To reach consumers online, the company launched a YouTube video featuring Taco Bell President Greg Creed speaking about the withdrawal of the lawsuit. The video will be placed on the company's YouTube channel (www.youtube.com/tacobell), Facebook page (www.facebook.com/tacobell), website (www.tacobell.com) and supported with an online campaign on leading search engines and social media.

The Advertising Copy reads:

Would it kill you to say you're sorry?

The law firm that brought false claims about our product quality and advertising integrity has voluntarily withdrawn their class action suit against Taco Bell.

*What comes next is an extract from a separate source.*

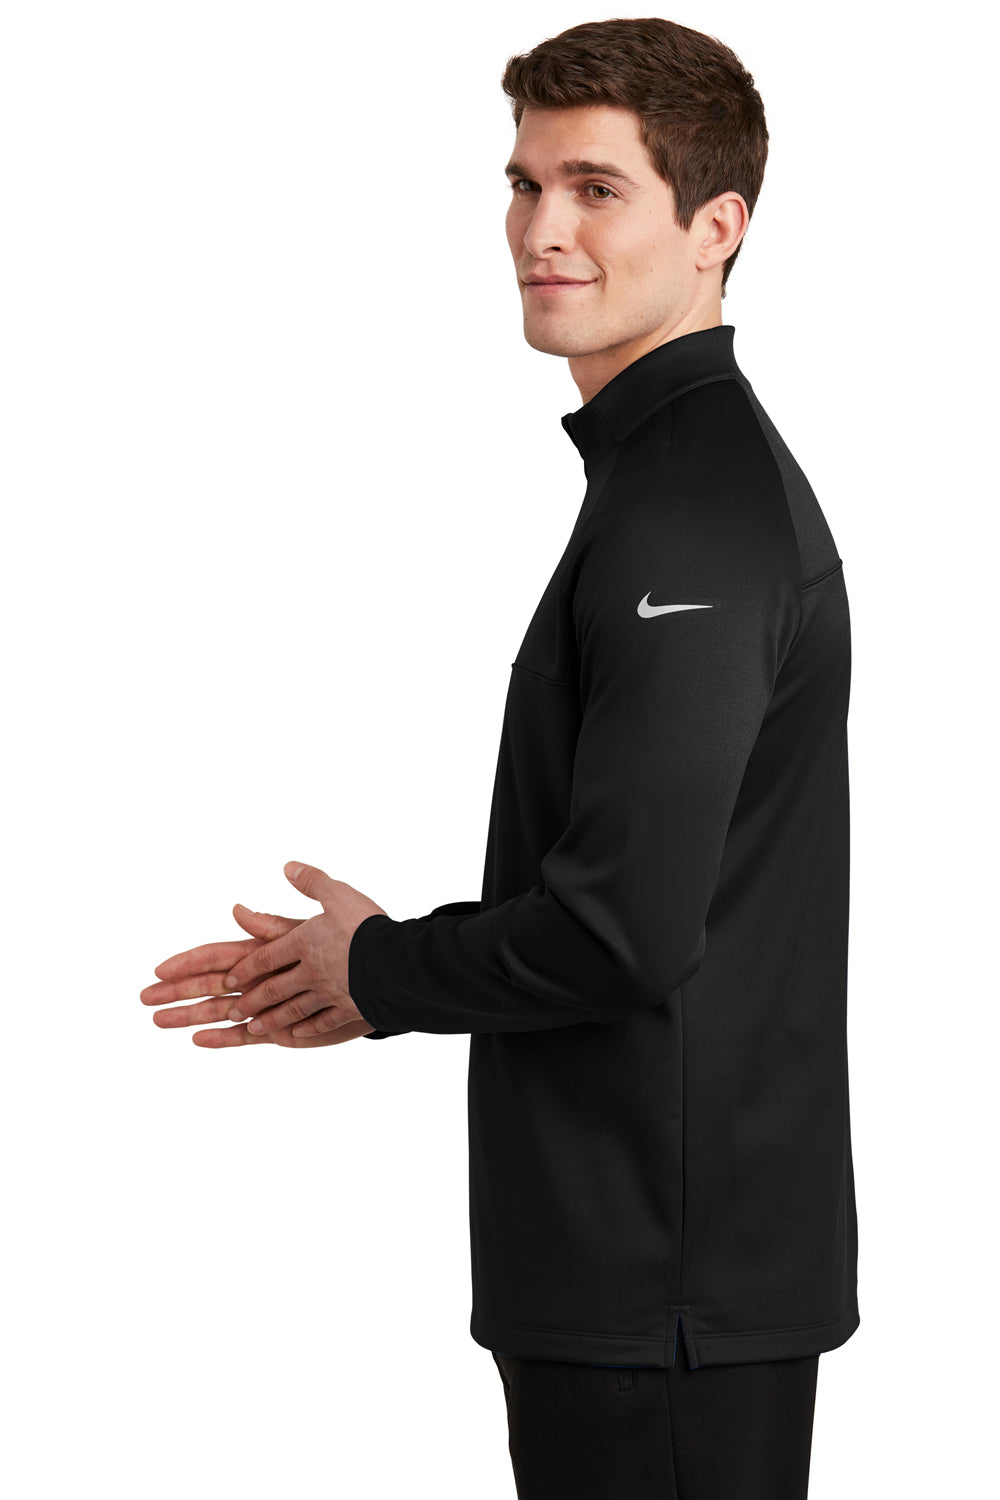 Nike NKAH6254 Mens Therma-Fit Moisture Wicking Fleece 1/4 Zip Sweatshirt Black Model Side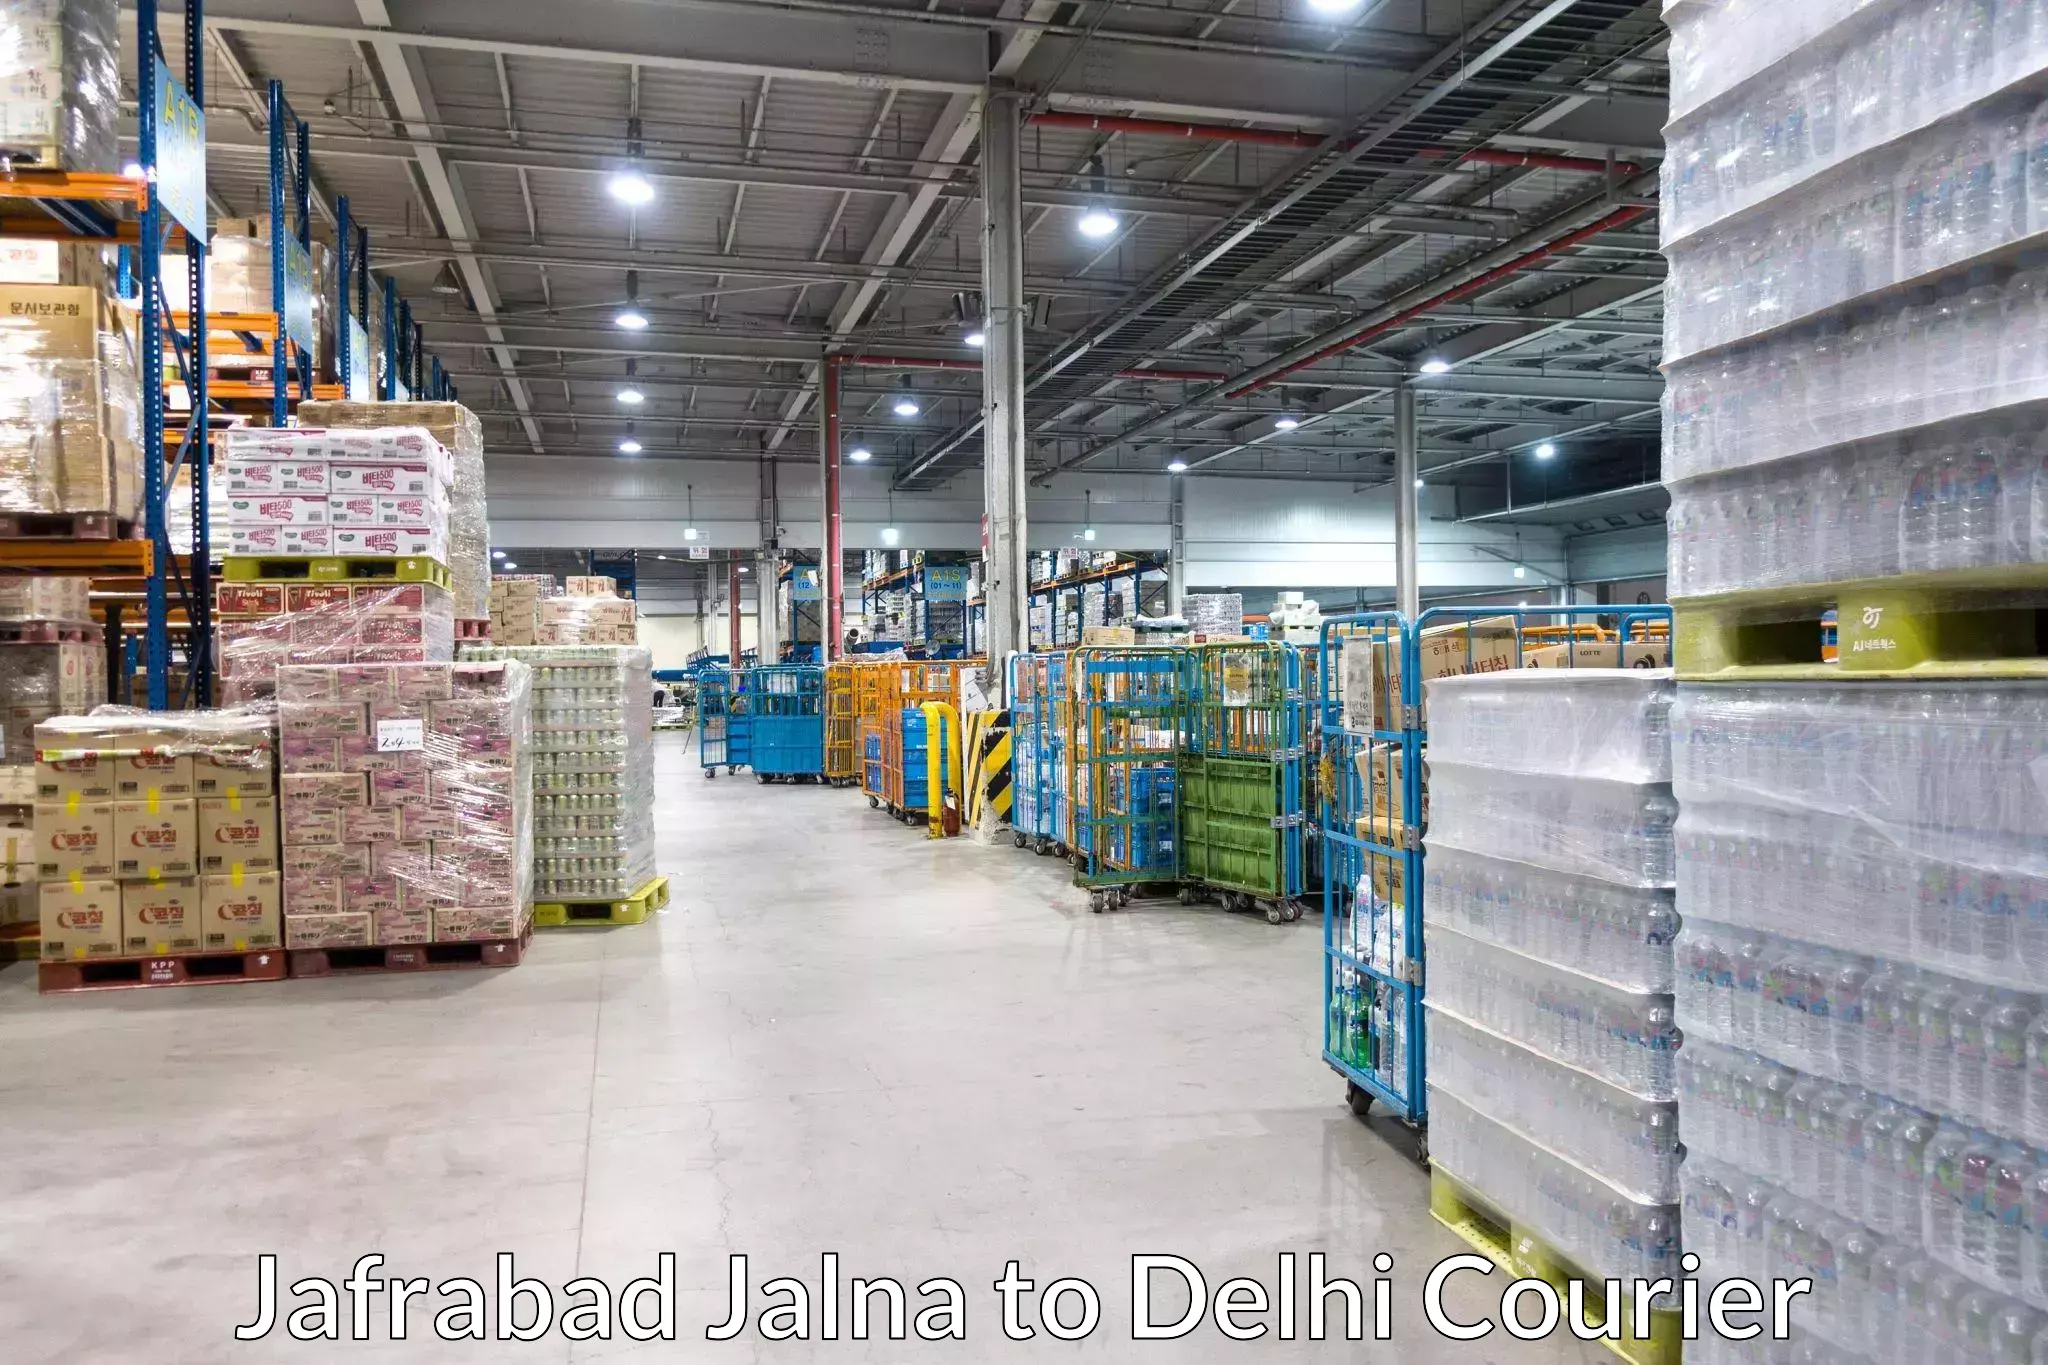 Nationwide courier service Jafrabad Jalna to NIT Delhi

No changes to our products or ingredients.
No changes to our advertising.
No money exchanged.
No settlement agreement.

Because we've ALWAYS used 100% USDA-inspected premium beef."

Yeah, if you believe Taco Bell didn't pay them off, I have a bridge I want to sell you! :rolleyes:

But I believe them when they say they haven't changed their product - It's always been garbage, and it still is. And what the hell is USDA-inspected "premium" beef. Is that a new USDA designation? What is that, just below dog food?